When we consider room acoustics from a Signal to Noise ratio perspective we want a better S/N ratio. To improve the S/N ratio, the Noise part of the ratio has to be reduced. This particularly applies to image and stage distorting early reflections. But there is an old saying “Don’t throw out the baby with the bath water”. We don’t want to eliminate all the reflections in the room because we’d end up in an intolerable anechoic chamber. Since it’s a given that we must keep some reflections, we need to determine which reflections we keep and how to separate them from the ones we don’t want to keep.

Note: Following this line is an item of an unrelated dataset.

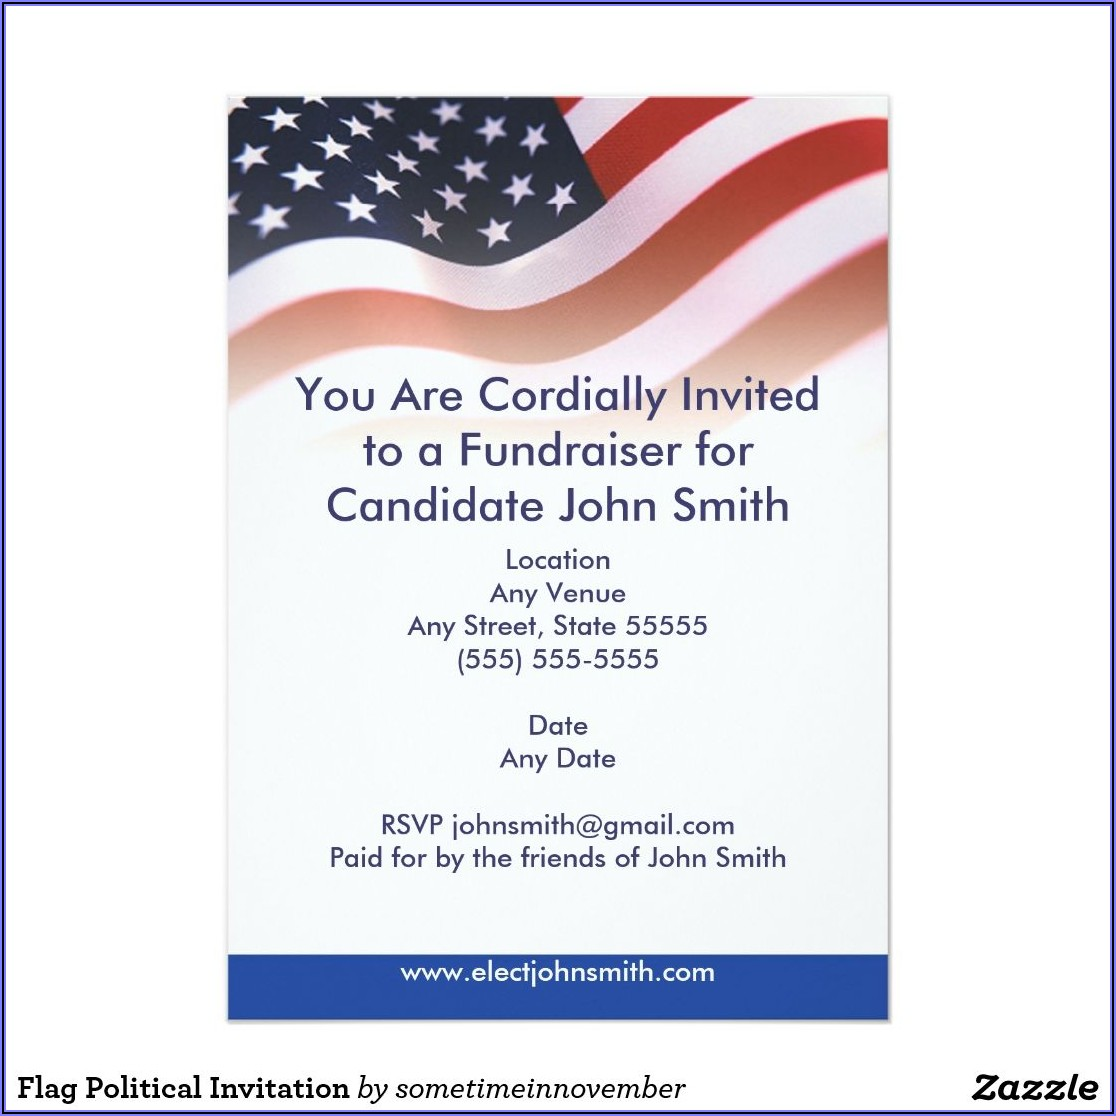 Fundraising Event Fundraiser Invitation Wording

Because some of the room reflections contribute a double acoustic track to the direct original track, all of the room reflections are not noise. If we eliminate the “noisy” version of reflections, hopefully we will be left with a clean room acoustic double track which does support the direct signal, the original track. Noise that blocks our ability to perceive certain sounds is referred to as sound masking. Noisy reflections are those that block our ability to perceive musical detail. This is called “sounds masking”

Sound Masking

What reflections produce sound masking? The best sound masking reflection is one that has the same general tones and tempo as the direct sound but is a phase scrambled version of the original sound. For example: someone yodeling a tune compared to someone gargling the same tune. The time average sound spectrum will be the same in both cases. But the gargled version of the tune has lost its quality of musical clarity. What tone is being played, and when, may be the same, but the separation in timing and the difference in loudness between the tones will not be the same.

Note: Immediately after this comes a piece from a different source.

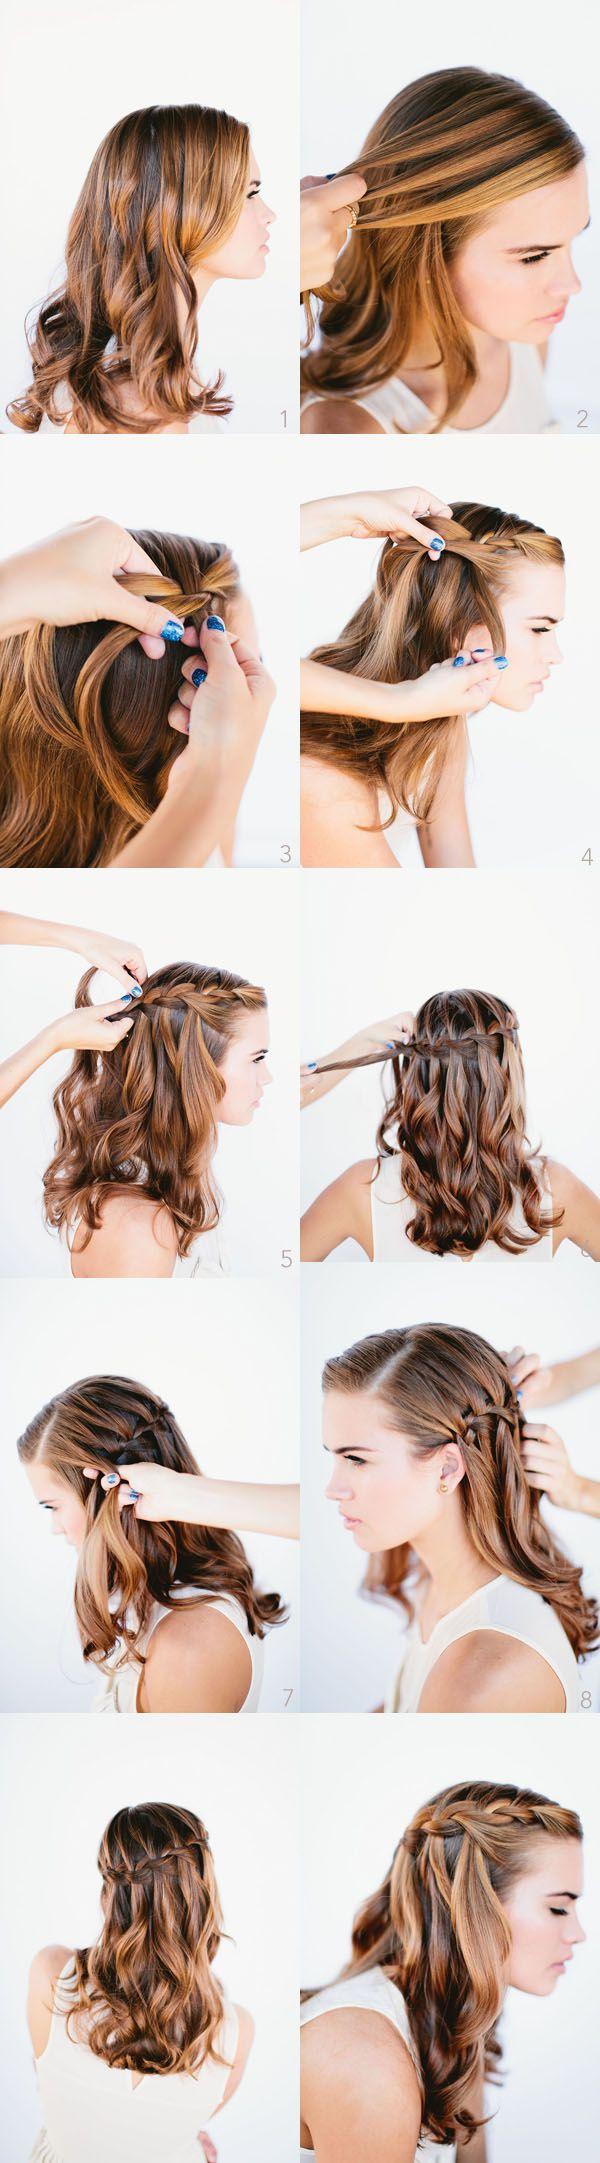 Girls Hair Styles -                                                              How to do a Waterfall Braid Tutorial

If a recording of yodeling is mixed with a recording of gargling for the same song is mixed together, the yodeled version of the song is masked by the gurgling version of the song.

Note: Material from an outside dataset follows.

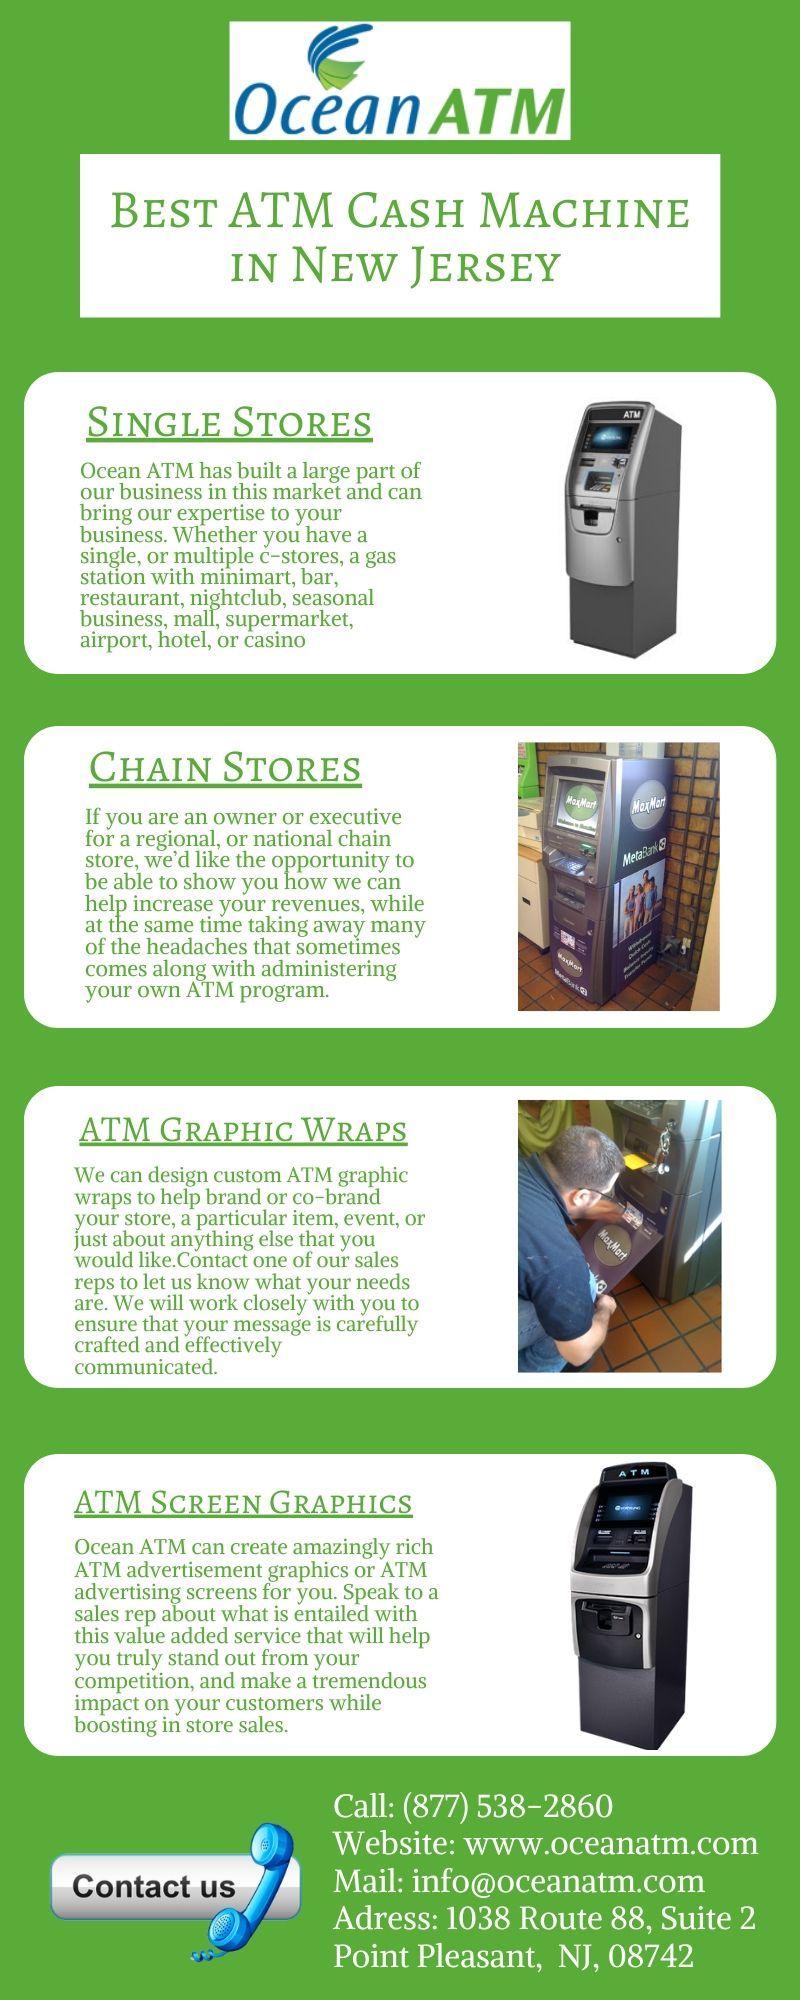 How do you buy an atm machine

A reflection produces a sound that has the same waveform as the original sound. It might be quieter because of diffusion or not have the same spectral balance because of absorption but whatever parts of the wave form that remain in step will amplify, not mask the perception of the sound. For example, reflection off a wall covered with treble sound panels will reflect the bass part of the sound wave just fine but absorb the treble. The result of a direct plus a bass heavy reflection is something that sounds like the original with the bass turned up, and still perfectly understandable.

Music or speech is a series of sets of short sound bursts separated by pauses. Sound masking interferes with the perception of the short tone bursts as well as the timing, the pace, the pauses between the short sets of bursts. When a wavefront is multiply reflected, the extended repetitive sound of that reflection pattern is distracting to the perception of the initial sound. When a wave train impacts an sound resonator it’s energy is not reflected but captured by the resonator. The energy in the resonator builds until the wave train ends, whereupon the resonator discharges. The waveform of the resonator discharge has nothing to do with the incident or original sound.

And so the “Noisy” part of the “Noise” in a room is the sound masking part of the room acoustics, flutter echoes and resonances. When we look at room acoustics as a given and revise our perception of it be a double track, our interest in room acoustics changes from “killing the noise of room acoustics” to shaping and clarifying the sound of the room’s acoustic double track so that is supports the original track, without adding tonal or dynamic emphasis or blurring.